*Stored data*:
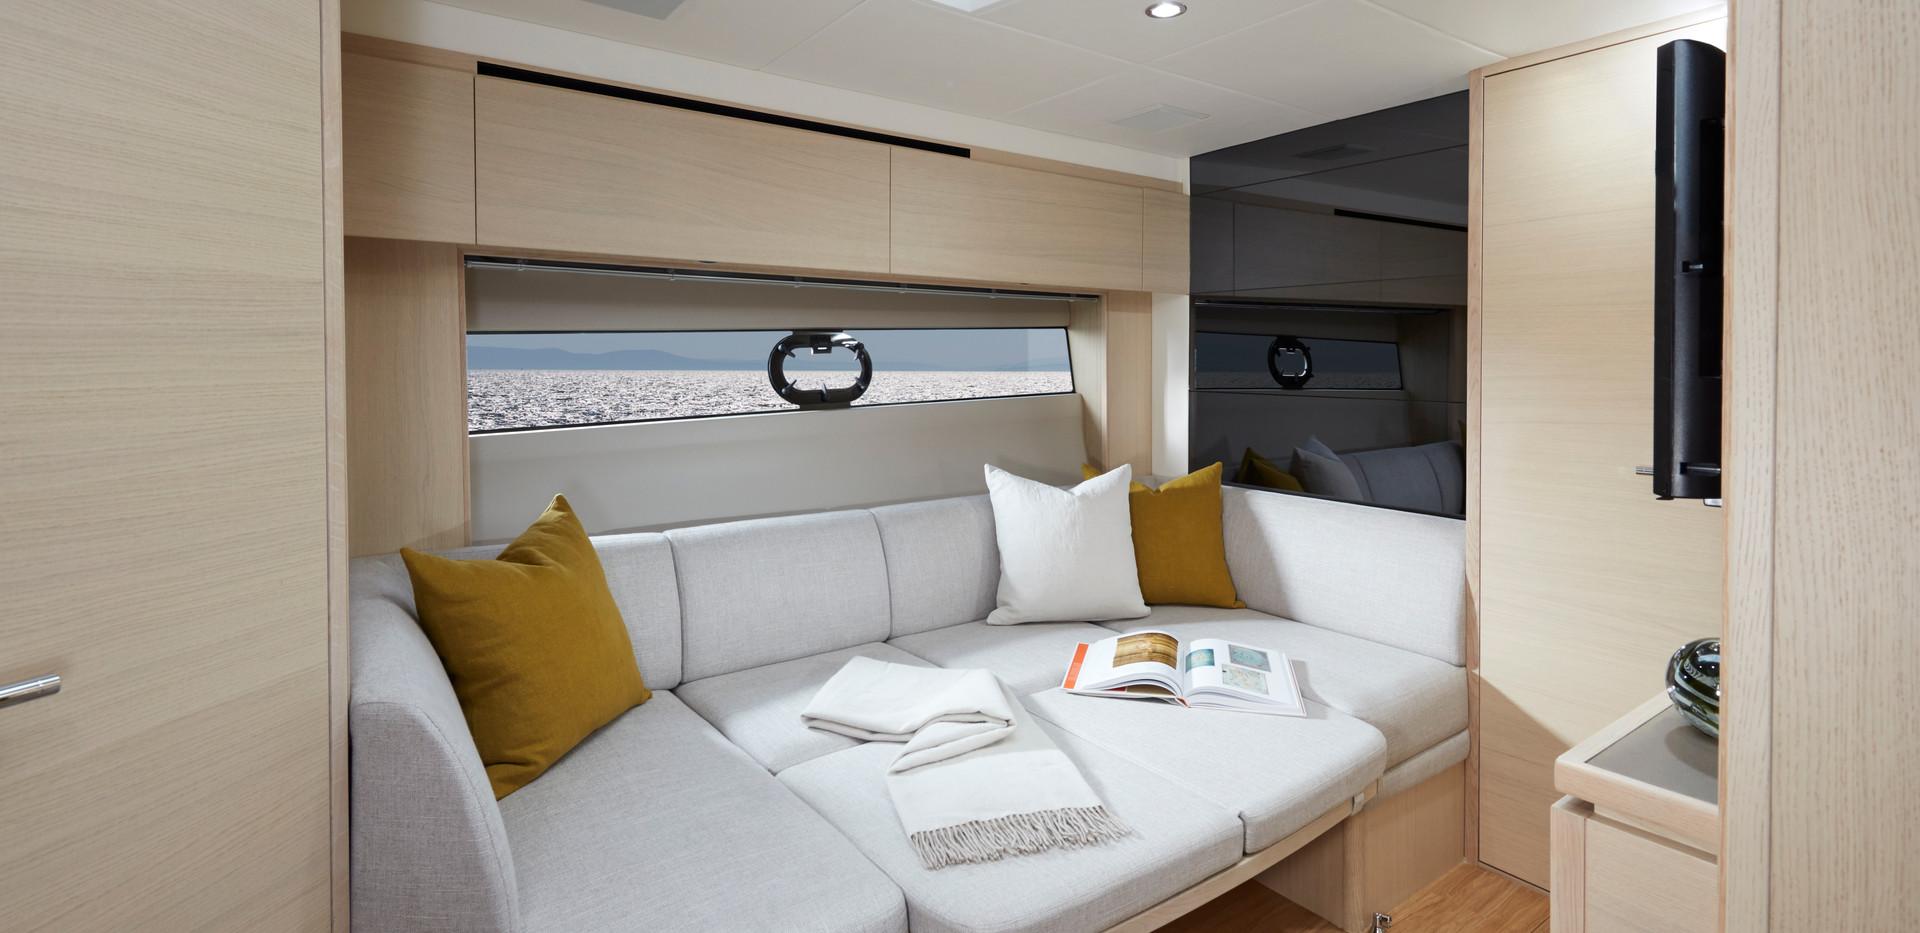 v40-interior-saloon-sofa-conversion-alba
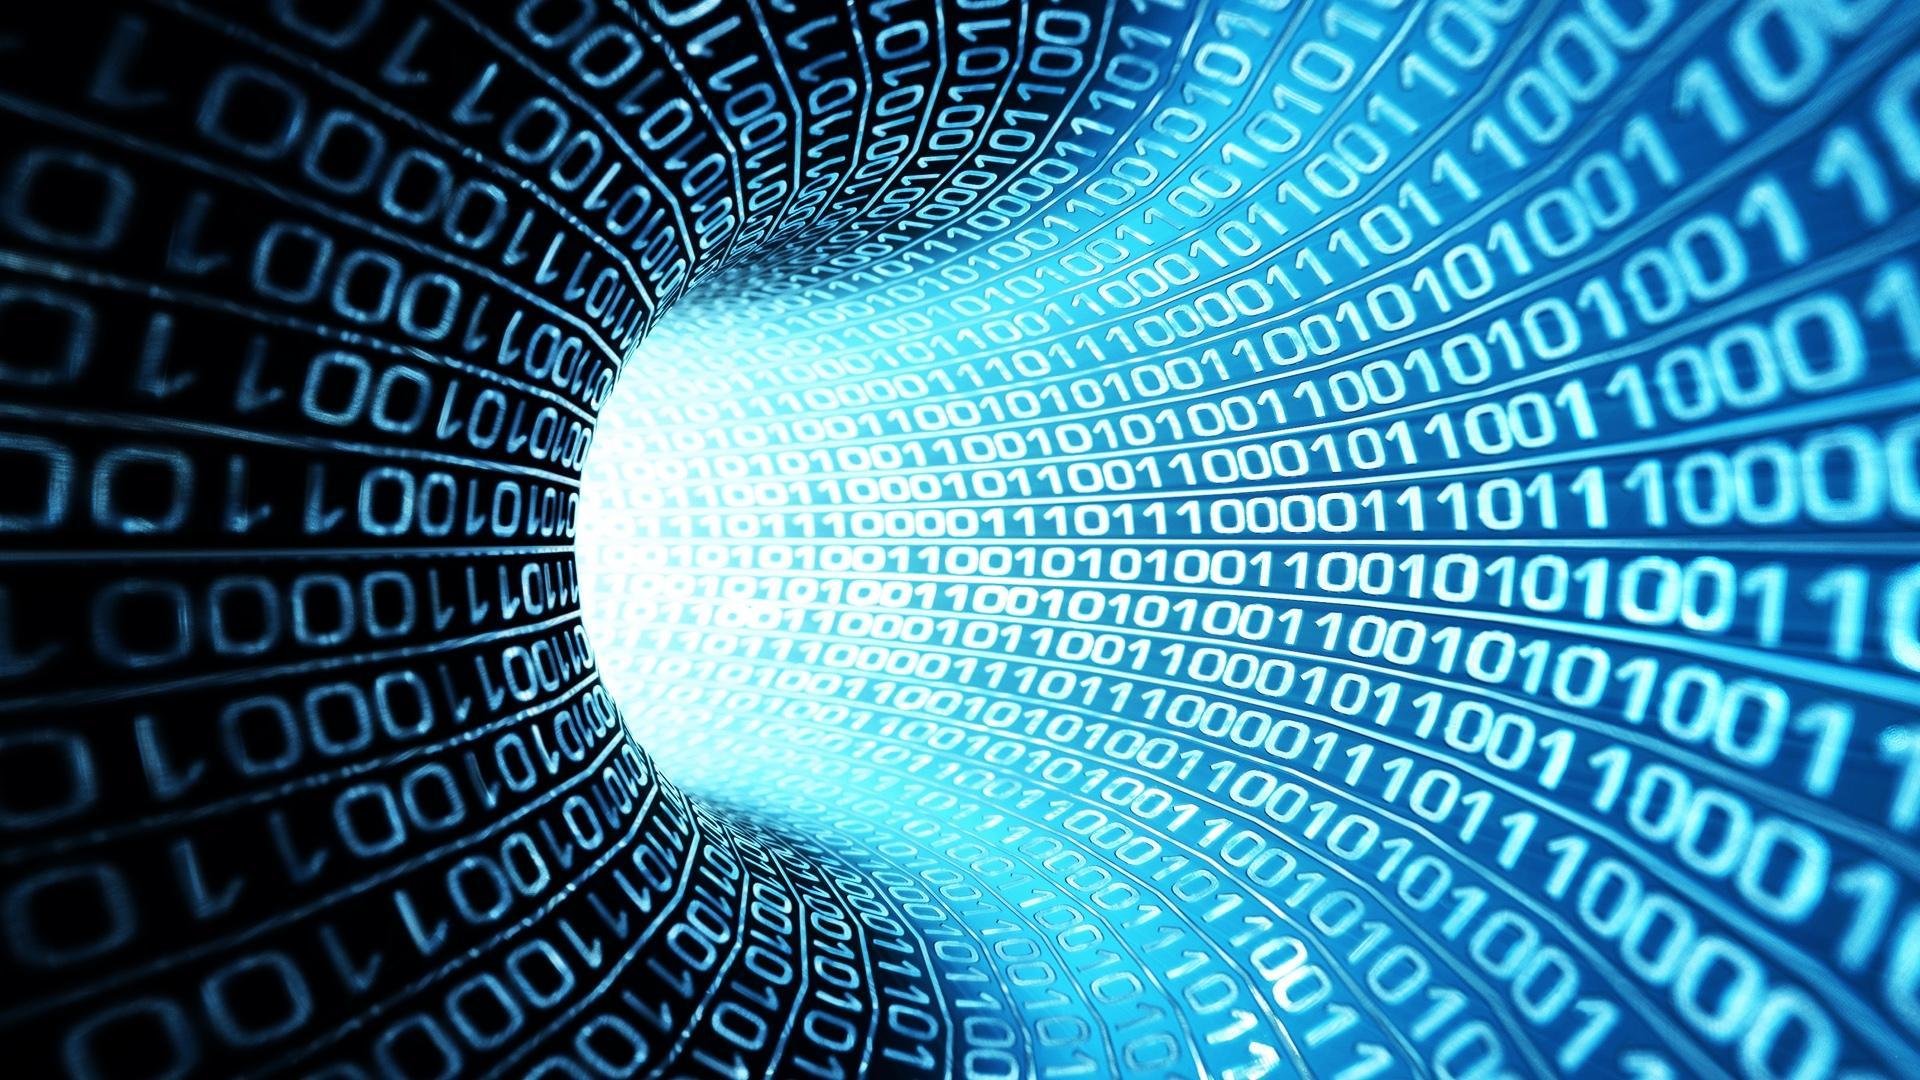 Binary Number Tunnel 1080p Hd Wallpaper Perustat Analytics
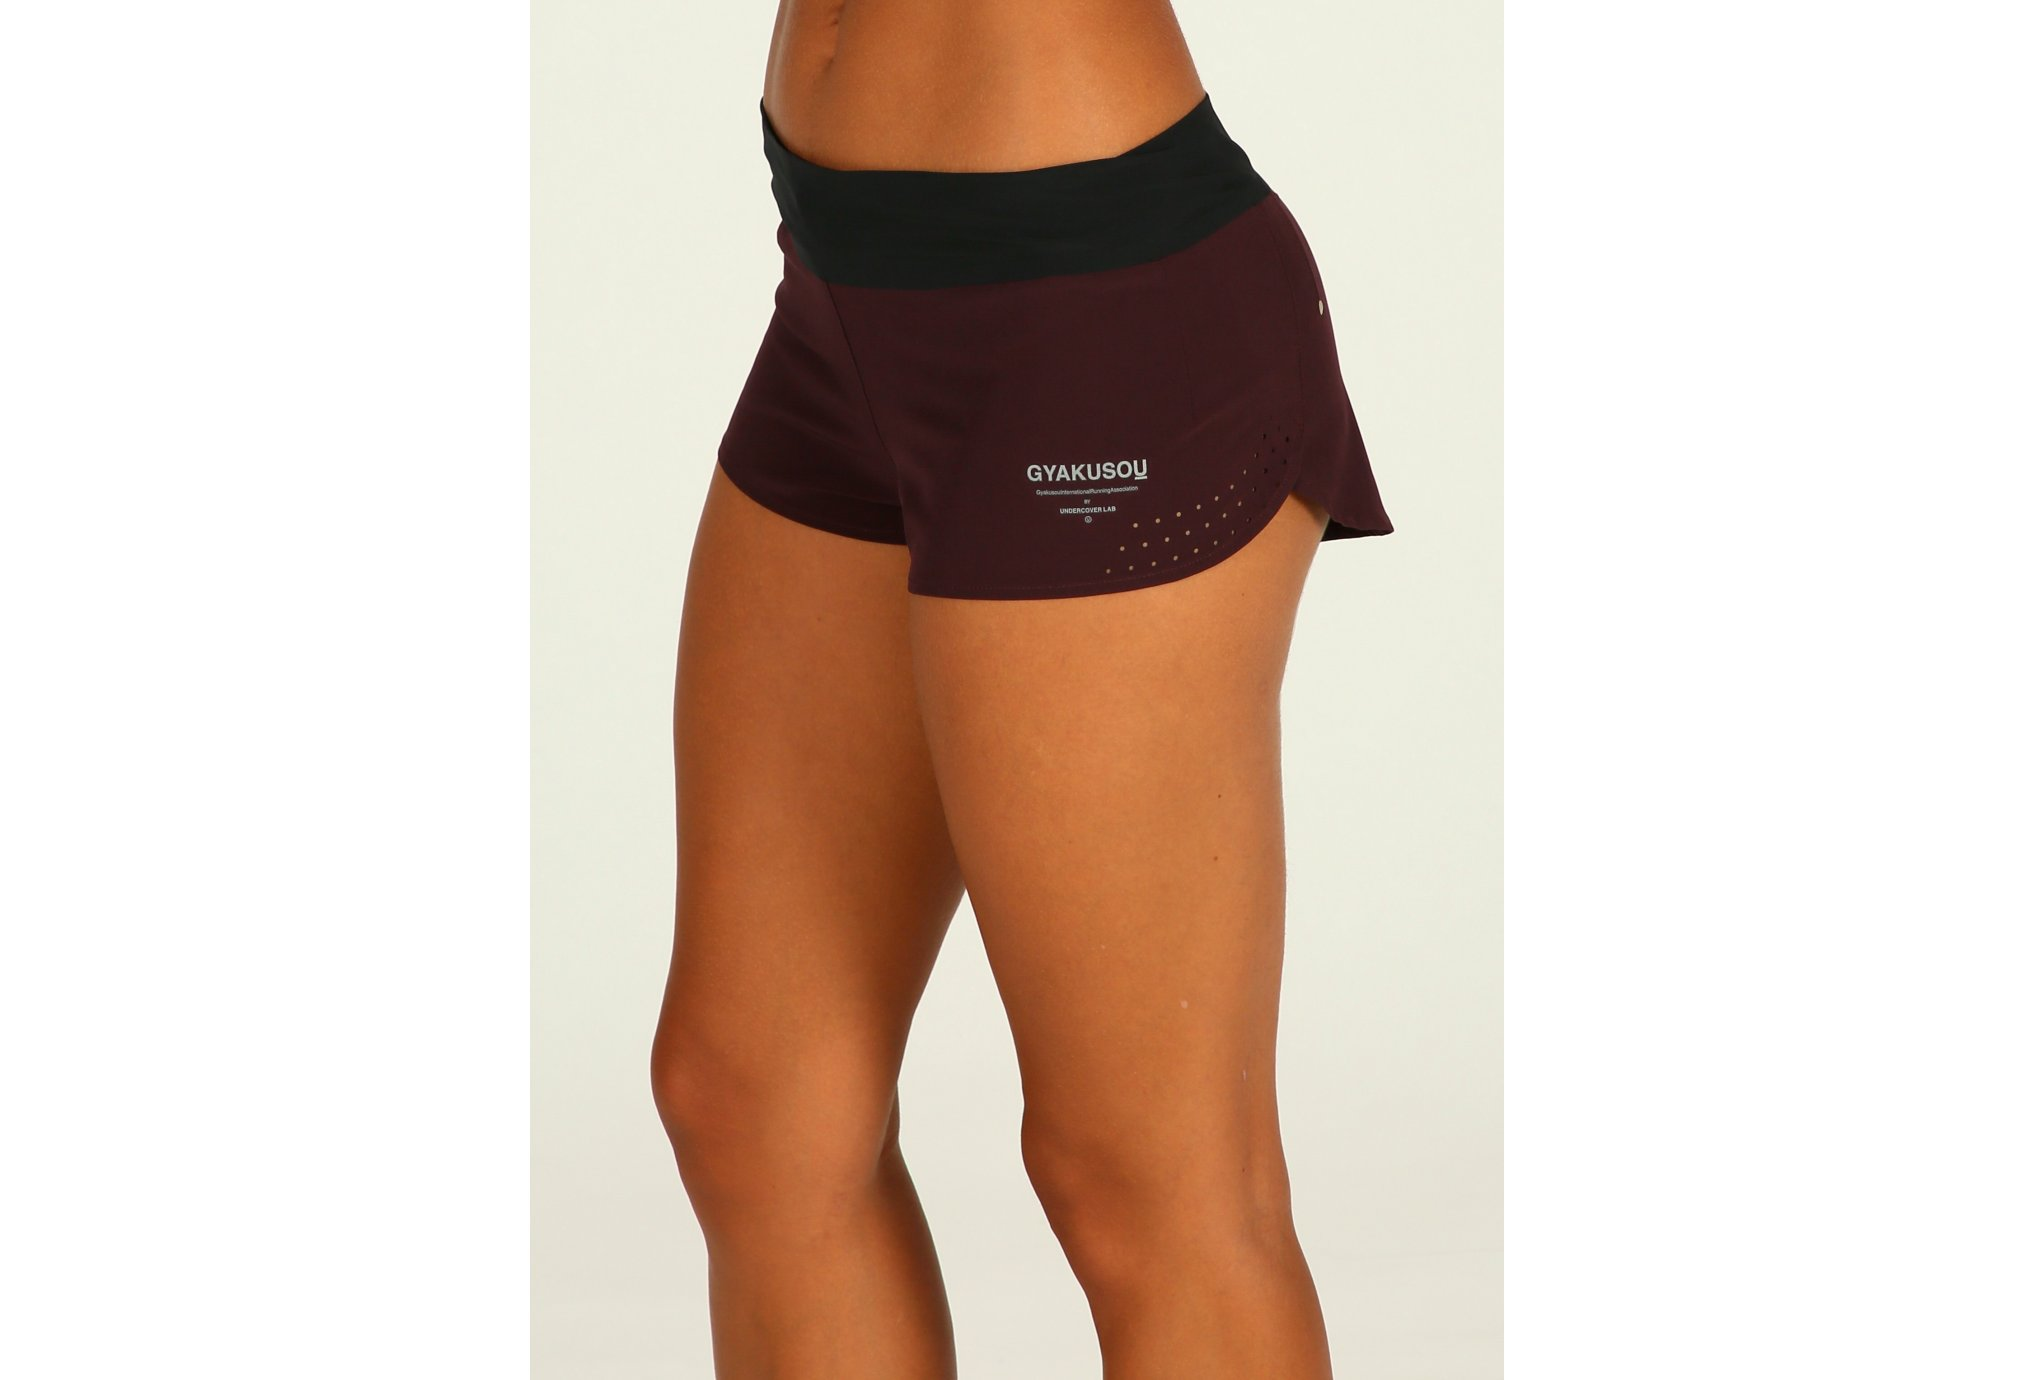 Nike X Gyakusou Short Raceday W Diététique Vêtements femme

*Directions for this task*:
Print all of the material exactly. Omit pictures.

*Written reply*:
 v40-interior-saloon-sofa-conversion-alba
 Binary Number Tunnel 1080p Hd Wallpaper Perustat Analytics
 Nike X Gyakusou Short Raceday W Diététique Vêtements femme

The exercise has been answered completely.